Record Underlying EBITDA and Margin
Underlying EBITDA of $347.0 million, a H1 record, representing a 42% margin and up 13% versus the prior period.
Strong Realized Gold Price and Per-Ounce Margins
Realized gold price increased 36% driven by a stronger AUD gold price and reduced hedge commitments; company reported an all-in sustaining cost margin of $2,921 per ounce sold and Mt Magnet gross margin of $2,413 per ounce sold.
Cash Generation and Balance Sheet Strength
Operating cash flow of $311.6 million; closing cash and gold balance of $694.3 million; working capital just under $600 million and net assets of $4.0 billion. Replaced a $175 million credit facility with a $500 million facility, improving funding optionality and terms.
Dalgaranga / Never Never Milestone Achieved
First ore from the Never Never deposit hauled to Mt Magnet; 31,000 tonnes stockpiled at 3.6 g/t. This milestone occurred ~200 days after the Spartan combination and is a key step toward the FY '30 500,000 oz production ambition. Higher-grade stockpile material expected to be introduced in the June 2026 quarter.

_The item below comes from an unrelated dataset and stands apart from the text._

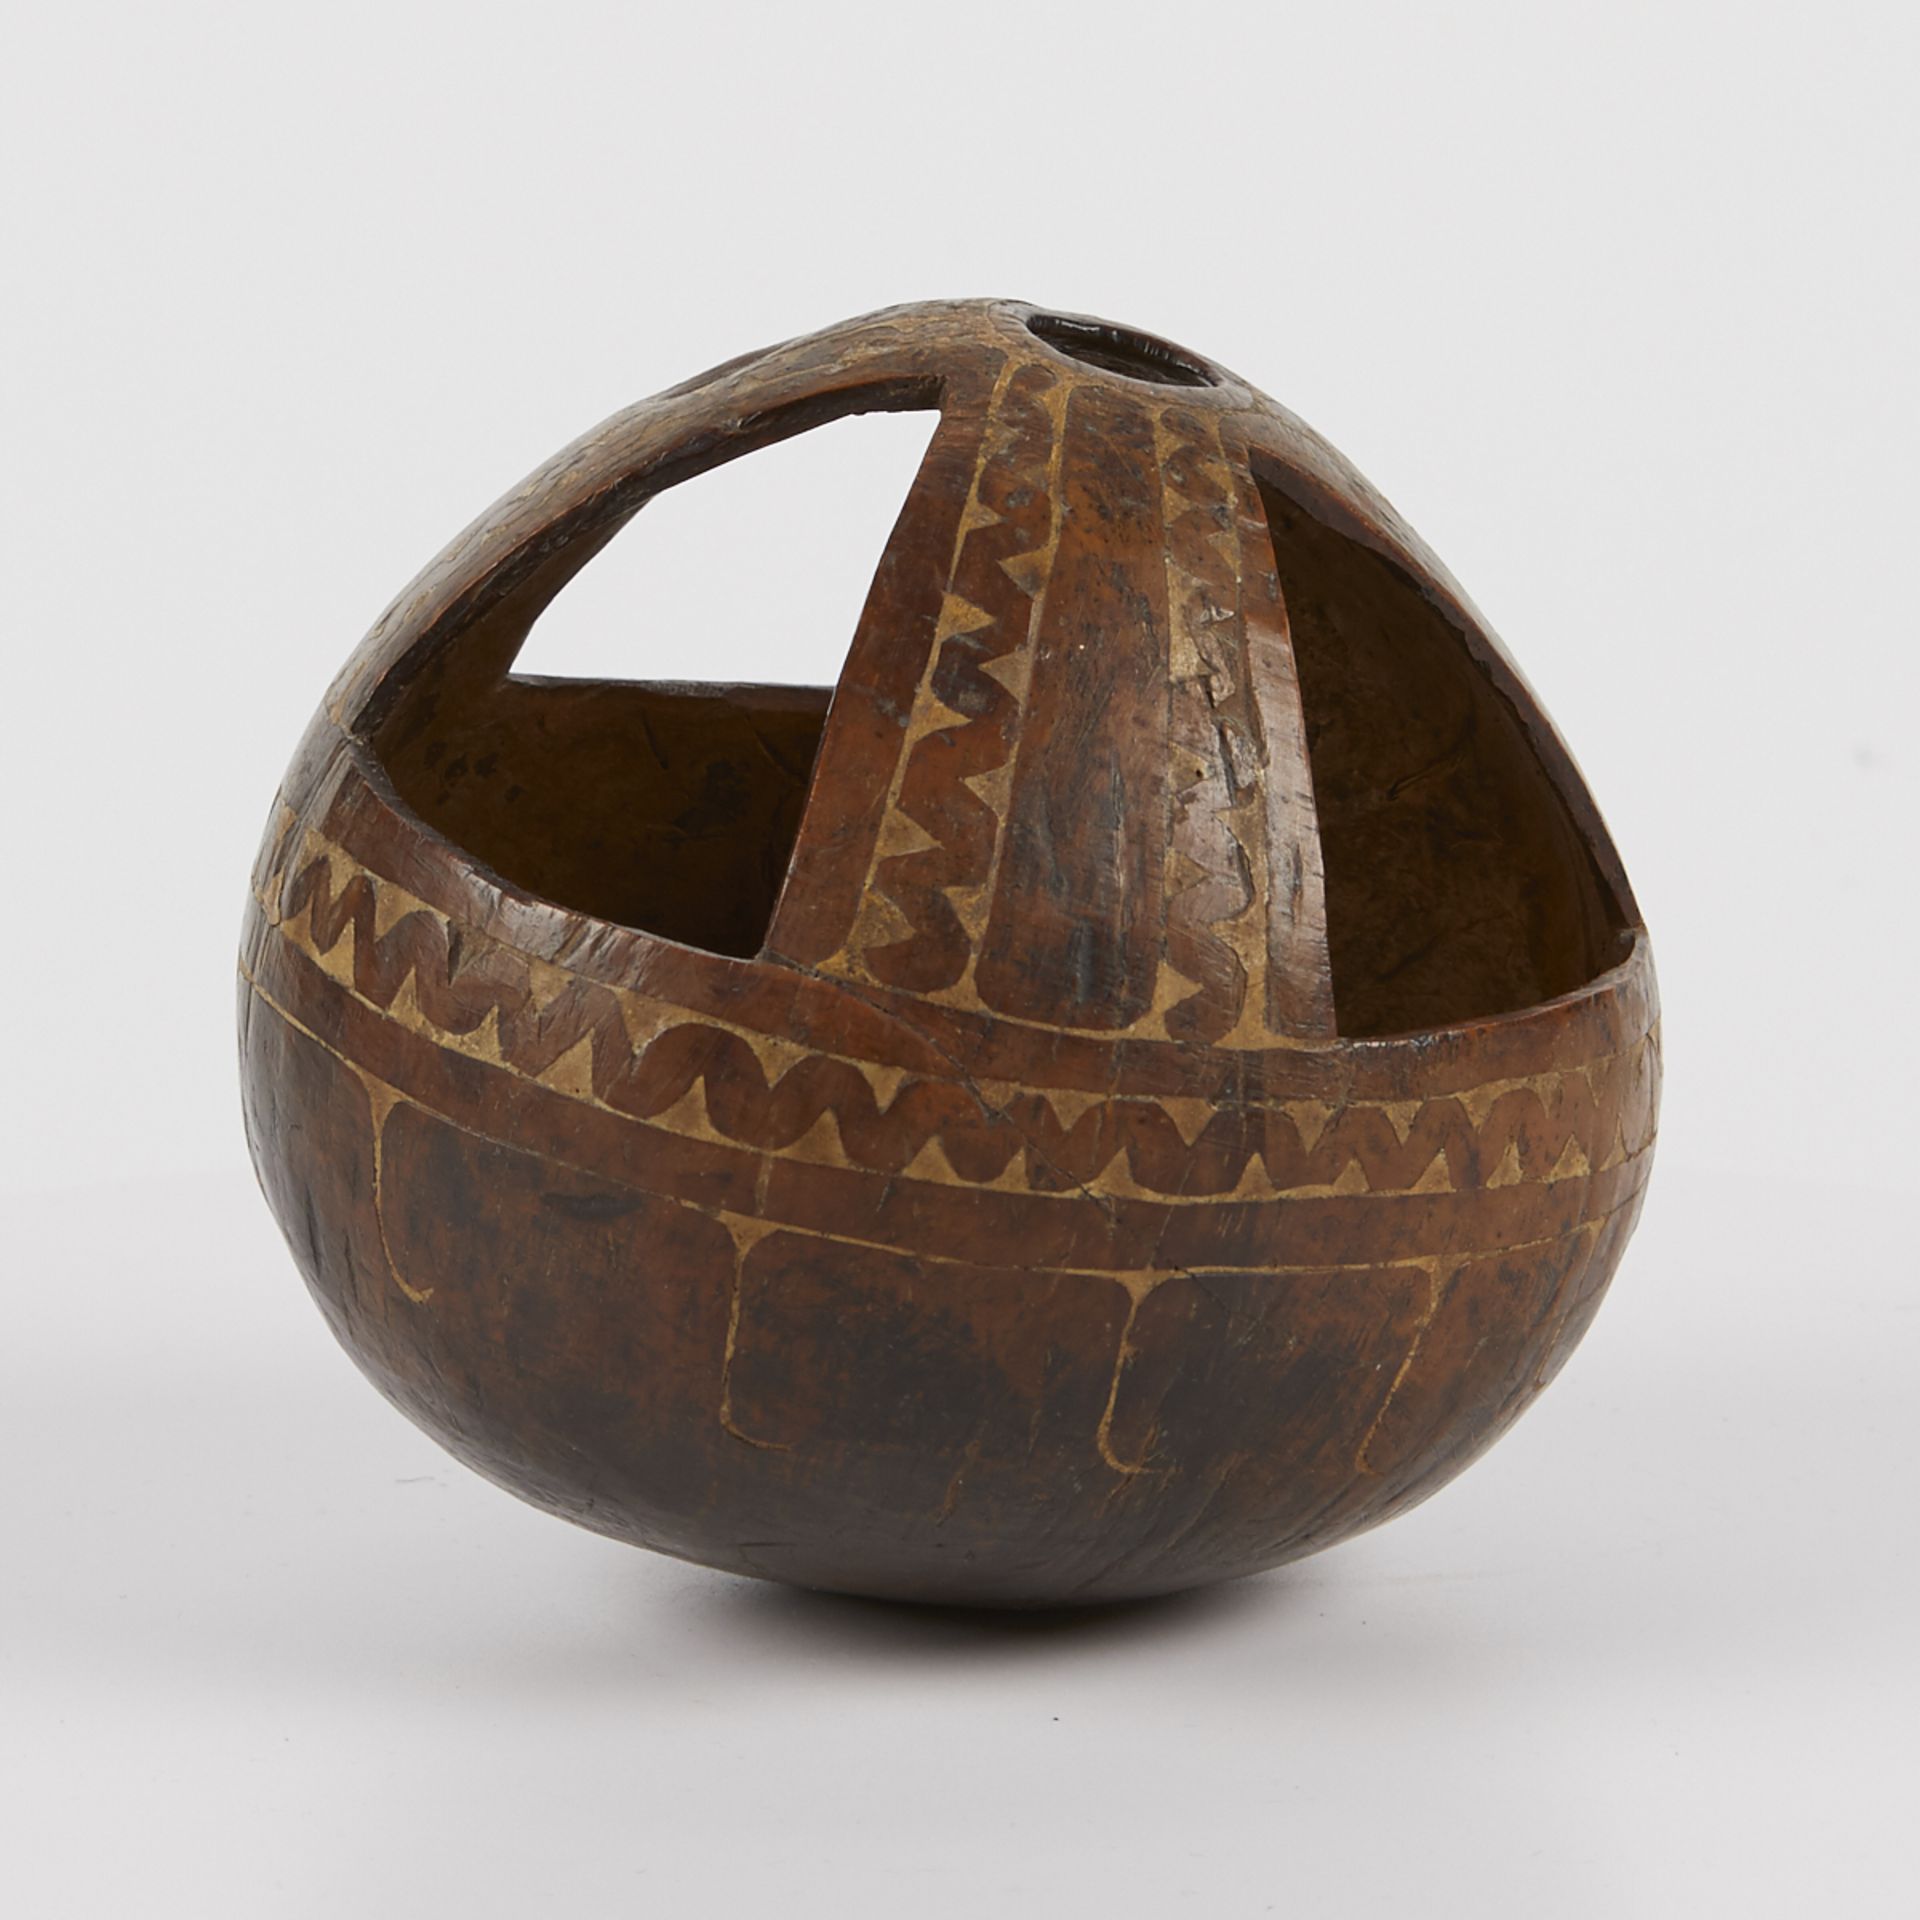 Early New Guinea Carved Coconut Vessel - Image 3 of 7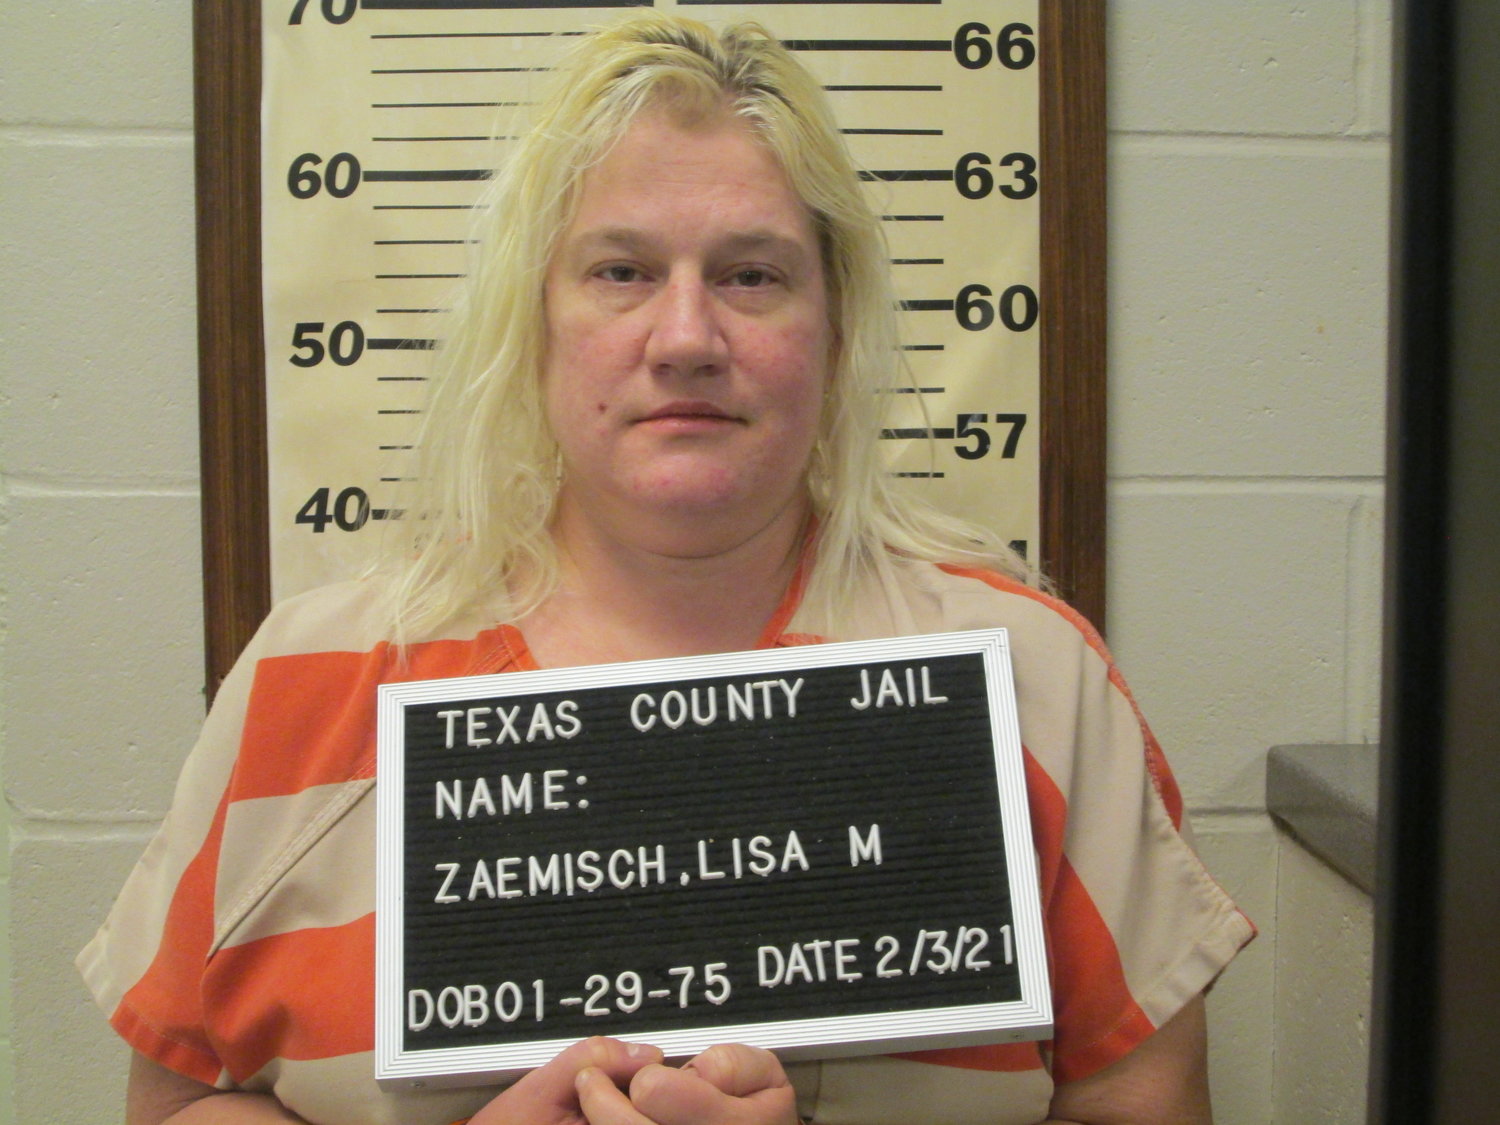 Lisa Zaemisch after being booked in Texas County Jail for an assault involving what was described as a “battle ax

Mining and Throughput Improvements
Tonnes mined were up 64% following introduction of a third excavation fleet at Cue and lower strip ratio. Mt Magnet throughput improved ~18% due to an optimized material blend and high mechanical availability.
Spartan Acquisition Synergies
Total Spartan acquisition fair value $2.8 billion and net cost to Ramelius ~$2.3 billion after cash acquired; tax analysis identifies $105 million net cash benefit from Spartan tax losses (versus $90 million previously flagged), with ~ $20 million of losses used in the December half.
Shareholder Returns and Dividend
Declared a fully franked interim dividend of $0.03 per share (total $57.7 million), exceeding the committed minimum of $0.02; total shareholder returns over 5 years near $320 million (average ~18.8% p.a.).